A Response to Faixat's
Musicological Musings on Evolution

Frank Visser

Many Wilber-fans will recognize how close these ideas are to Wilber's integral philosophy, especially when applied to evolution.

In his original and provocative essay "Bye-Bye, Darwin!: The Hidden Rhythm of Evolution", the Spanish mystic-author José Díez Faixat defends a view of evolution that appeals to the musically and mystically inclined. Rejecting the traditional scientific view of the world based on chance and materialism, he appeals to contemparary developments in the sciences of evolution that paint a far more uplifting picture.

According to these views, rather than being the scene of a cooling universe, which will end in an unavoidable heat death (or total entropy), we seem to be living in a Universe which displays an "innate creative tendency of Nature", which generates organisms that have an "inner self-organizing capacity". The days of doom and disaster seem to have been replaced in science with those of life and unlimited progress.

Many Wilber-fans will recognize how close these ideas are to Wilber's integral philosophy, especially when applied to evolution. Though Faixat quotes only two early Wilber books (The Atman Project and Up from Eden), which appeared in the early eighties of the past century, even as recent as April 2012, I received a mailing from the Core Integral group offering a free download of a talk from Wilber called "Wilber Speaks of Love".

In this brief audio file, Wilber repeats his favorite topic that love is what makes the world go round. Everything from atoms becoming molecules, single cells becoming multi-cellular and individuals getting together in groups and societies—it's all the result of one Power of Love or "Eros". Or, as phrased by a different Wilberian mantra: it's all the result of transcend-and-include. As the mailing reads:

Love was present long before the humans who reflexively felt it toward each other - rather, it was present as atoms became molecules and molecules became cells. It's so fundamental that some even posit it as the fifth elementary force in the universe.

Appealing as such a view of the world, and of evolution may be, just how likely is it to be true? I have exposed the laziness of this type of thinking in my Integral Theory Conference paper "The 'Spirit of Evolution' Reconsidered", posted on this website.

Not By Chance Alone

Like Wilber, Faixat builds his case around the idea that the scientific explanation of evolution and its apparent innate trend towards higher complexity is based on chance, and chance alone. This, however, is a popular misconception, repeated by creationists around the globe on every occasion. Putting chance against Eros or Spirit (or whatever one's favorite alternative to the scientific view of evolution is), is a false dichotomy. It reminds one of the "Eros or Oops?" dichotomy Wilber set's up at the beginning of his magnum opus Sex, Ecology, Spirituality: The Spirit of Evolution (1995).

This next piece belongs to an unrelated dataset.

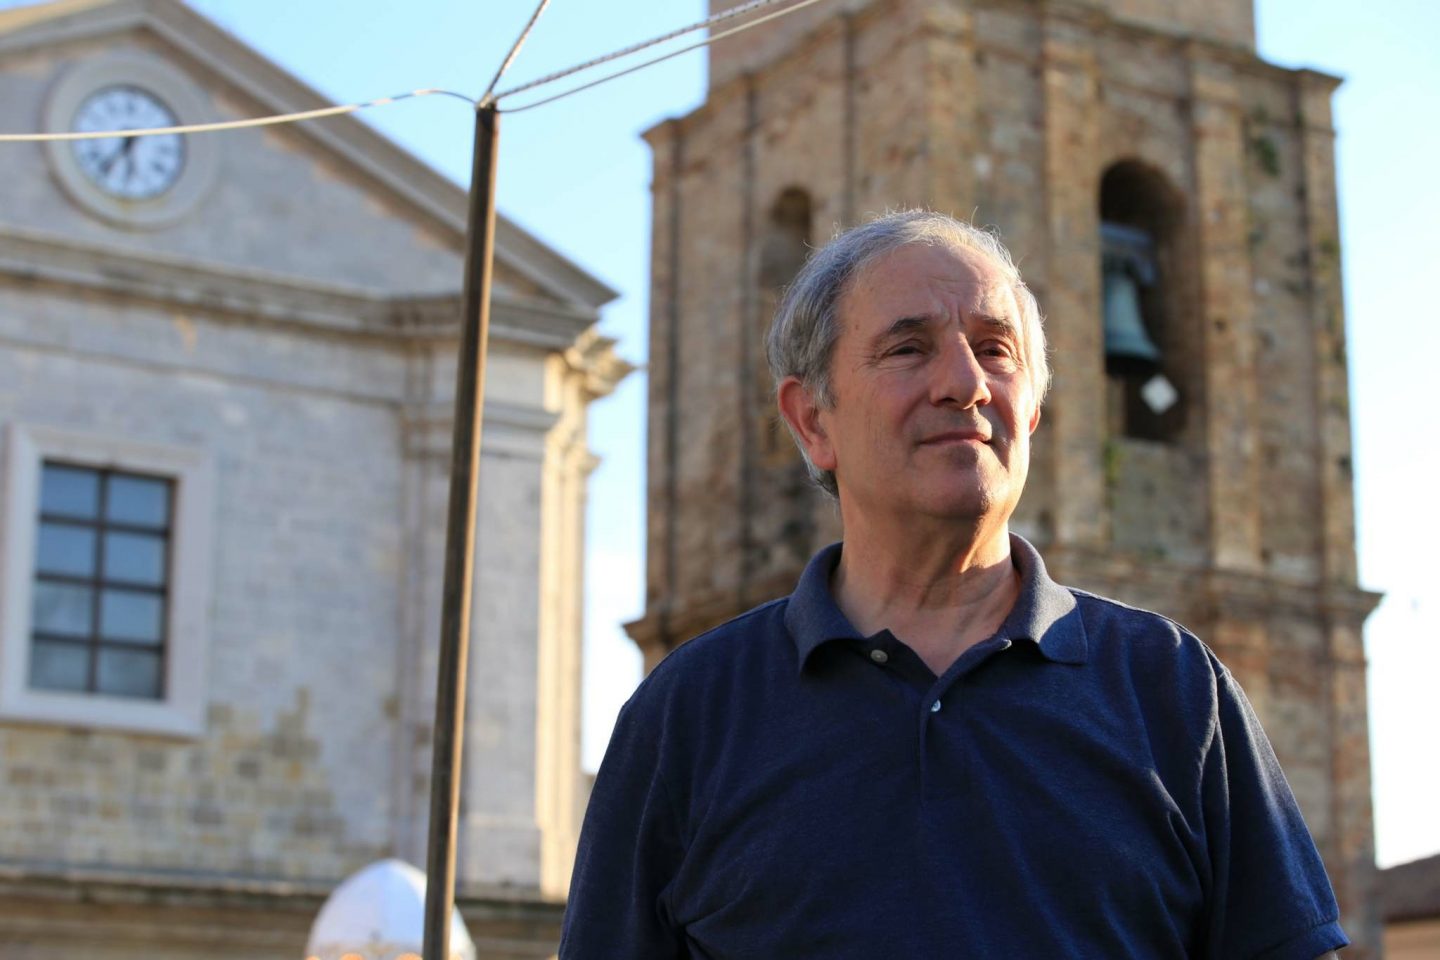 Ciao Professore! In Loving Memory of Panoram Italia’s Co-Founder, Prof. Filippo Salvatore

I can only give this brief quote from Richard Dawkins on this issue of chance supposedly explaning the mysteries of evolution, since it's the most eloquent I know of:

It is grindingly, creakingly, crashingly obvious that, if Darwinism were really a theory of chance, it couldn't work. (Climbing Mount Improbable, p. 67)

Instead, evolution is seen as the result of the interplay of the two forces of random chance and non-random selection.

Spiritualists of course will deny that natural selection can ever have the power to produce complex organisms and organs. But why don't they ever mention it in their easy dismissal of Darwinism (all we hear is "Darwinism has failed" or is "in crisis")? Are they afraid it still might work after all—and turn their own evolutionary theories into fancies of cosmological proportions? For it is one thing to assume that life on Earth may be driven by some mysterious Force; projecting that Force on the cosmos at large is a tall order indeed!

As it looks now, given the multitude of coincidences that have to be met before intelligent life can develop on any planet (see science writer John Gribbin's recent book The Reason Why: The Miracle of Life on Earth, 2011, that tackles exactly that question), it seems certain that intelligent evolution has occurred only on our planet Earth. That makes it rather risky to extrapolate processes that seem to be at work on our planet to the cosmos at large. (Though it must be conceded that opinions among specialists vary from life is inevitable to life is a freak accident that happened only one).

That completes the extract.